From mboxrd@z Thu Jan  1 00:00:00 1970
Return-Path: <linux-kernel-owner@vger.kernel.org>
Received: (majordomo@vger.kernel.org) by vger.kernel.org via listexpand
	id S1755993Ab0GHLNx (ORCPT <rfc822;w@1wt.eu>);
	Thu, 8 Jul 2010 07:13:53 -0400
Received: from bombadil.infradead.org ([18.85.46.34]:57139 "EHLO
	bombadil.infradead.org" rhost-flags-OK-OK-OK-OK) by vger.kernel.org
	with ESMTP id S1753056Ab0GHLNw convert rfc822-to-8bit (ORCPT
	<rfc822;linux-kernel@vger.kernel.org>);
	Thu, 8 Jul 2010 07:13:52 -0400
Subject: Re: [RFC][PATCH 00/11] perf pmu interface -v2
From: Peter Zijlstra <peterz@infradead.org>
To: Matt Fleming <matt@console-pimps.org>
Cc: Will Deacon <will.deacon@arm.com>, paulus <paulus@samba.org>,
       stephane eranian <eranian@googlemail.com>,
       Robert Richter <robert.richter@amd.com>,
       Paul Mundt <lethal@linux-sh.org>,
       Frederic Weisbecker <fweisbec@gmail.com>,
       Cyrill Gorcunov <gorcunov@gmail.com>, Lin Ming <ming.m.lin@intel.com>,
       Yanmin <yanmin_zhang@linux.intel.com>,
       Deng-Cheng Zhu <dengcheng.zhu@gmail.com>,
       David Miller <davem@davemloft.net>, linux-kernel@vger.kernel.org
In-Reply-To: <1277998793.1917.212.camel@laptop>
References: <20100624142804.431553874@chello.nl>
	 <1277464288.26786.3.camel@e102144-lin.cambridge.arm.com>
	 <1277464589.32034.276.camel@twins>
	 <1277476604.24751.8.camel@e102144-lin.cambridge.arm.com>
	 <1277477401.32034.670.camel@twins> <1277994970.1917.184.camel@laptop>
	 <1277996555.1917.205.camel@laptop>
	 <20100701153112.GA13511@console-pimps.org>
	 <1277998793.1917.212.camel@laptop>
Content-Type: text/plain; charset="UTF-8"
Content-Transfer-Encoding: 8BIT
Date: Thu, 08 Jul 2010 13:13:42 +0200
Message-ID: <1278587622.1900.79.camel@laptop>
Mime-Version: 1.0
X-Mailer: Evolution 2.28.3 
Sender: linux-kernel-owner@vger.kernel.org
List-ID: <linux-kernel.vger.kernel.org>
X-Mailing-List: linux-kernel@vger.kernel.org

On Thu, 2010-07-01 at 17:39 +0200, Peter Zijlstra wrote:
> 
> Ah, for sampling for sure, simply group a software perf event and a
> hardware perf event together and use PERF_SAMPLE_READ. 

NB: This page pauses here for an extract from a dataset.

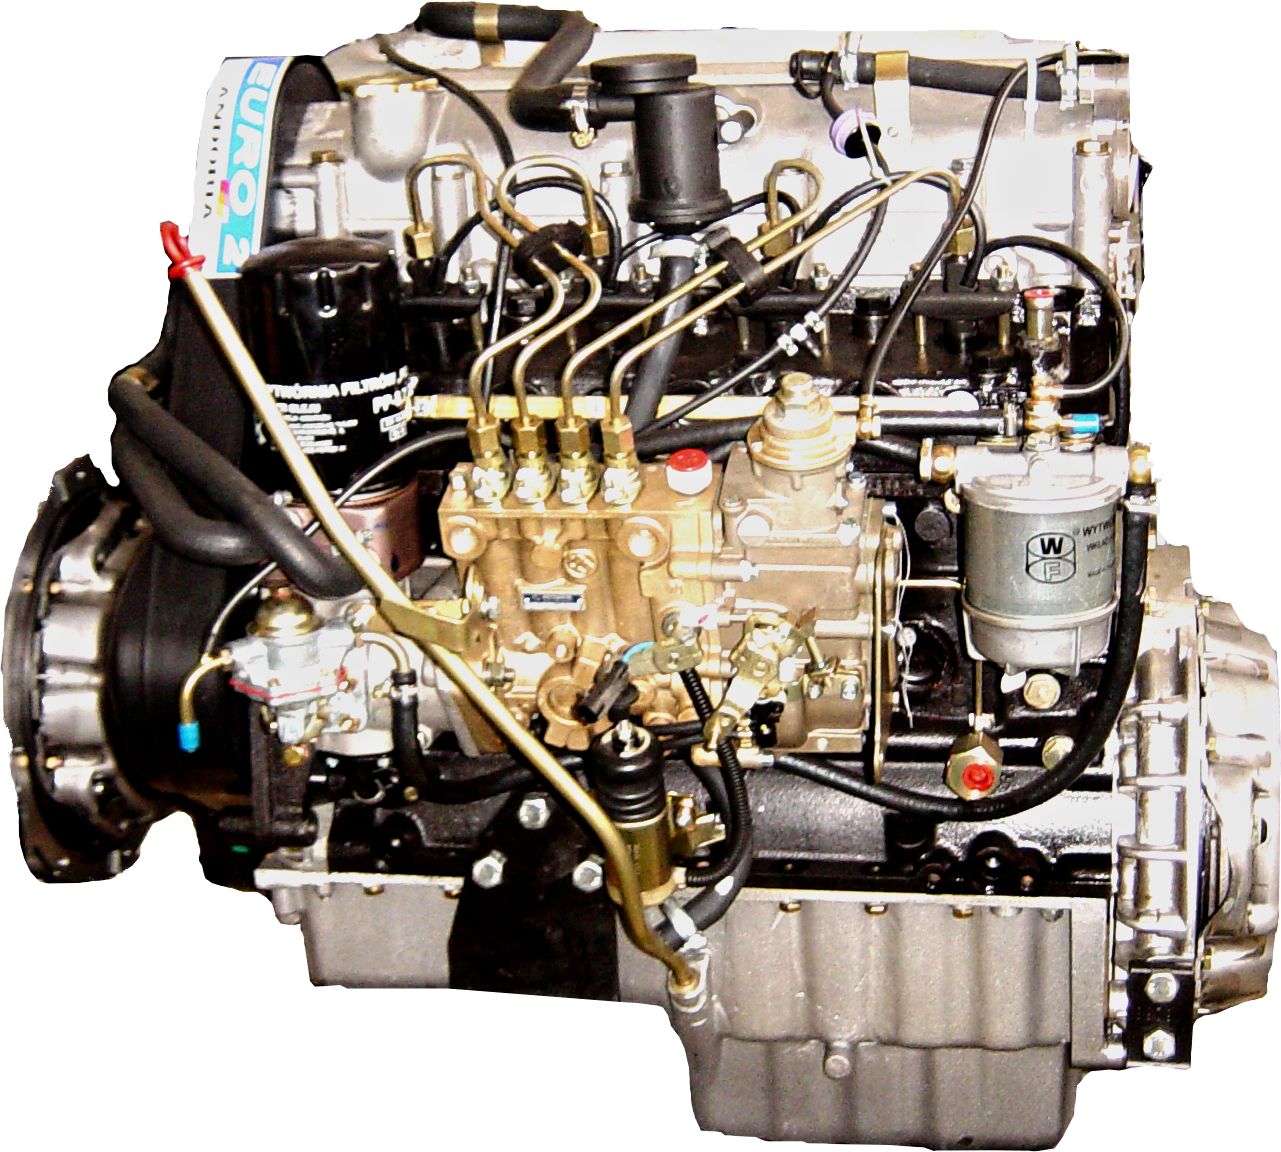 Andorias S301D-motor - alt hvad du behøver at vide om den

So the idea is to sample using a software event (periodic timer of
sorts, maybe randomize it) and weight its samples by the hardware event
deltas.

Suppose you have a workload consisting of two main parts:

  my_important_work()
  {
     load_my_data();
     compute_me_silly();
  }

Now, lets assume that both these functions take the same time to
complete for each part of work. In that case a periodic timer generate
samples that are about 50/50 distributed between these two functions.

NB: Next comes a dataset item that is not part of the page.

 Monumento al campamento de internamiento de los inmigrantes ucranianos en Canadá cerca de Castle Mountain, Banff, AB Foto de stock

Now, let us further assume that load_my_data() is so slow because its
missing all the caches and compute_me_silly() is slow because its
defeating the branch predictor.

So what we want to end up with, is that when we sample for cache-misses
we get load_my_data() as the predominant function, not a nice 50/50
relation. Idem for branch misses and compute_me_silly().

By weighting the samples by the hw counter delta we get this, if we
assume that the sampling frequency is not a harmonic of the runtime of
these functions, then statistics will dtrt.

It basically generates a massive skid on the sample, but as long as most
of the samples end up hitting the right function we're good. For a
periodic workload like: 
  while (lots) { my_important_work() }
that is even true for period > function_runtime with the exception of
that harmonic thing. For less neat workloads like:
  while (lots) { my_important_work(); other_random_things(); }
This doesn't need to work unless period < function_runtime.

Clearly we cannot attribute anything to the actual instruction hit due
to the massive skid, but we can (possibly) say something about the
function based on these statistical rules.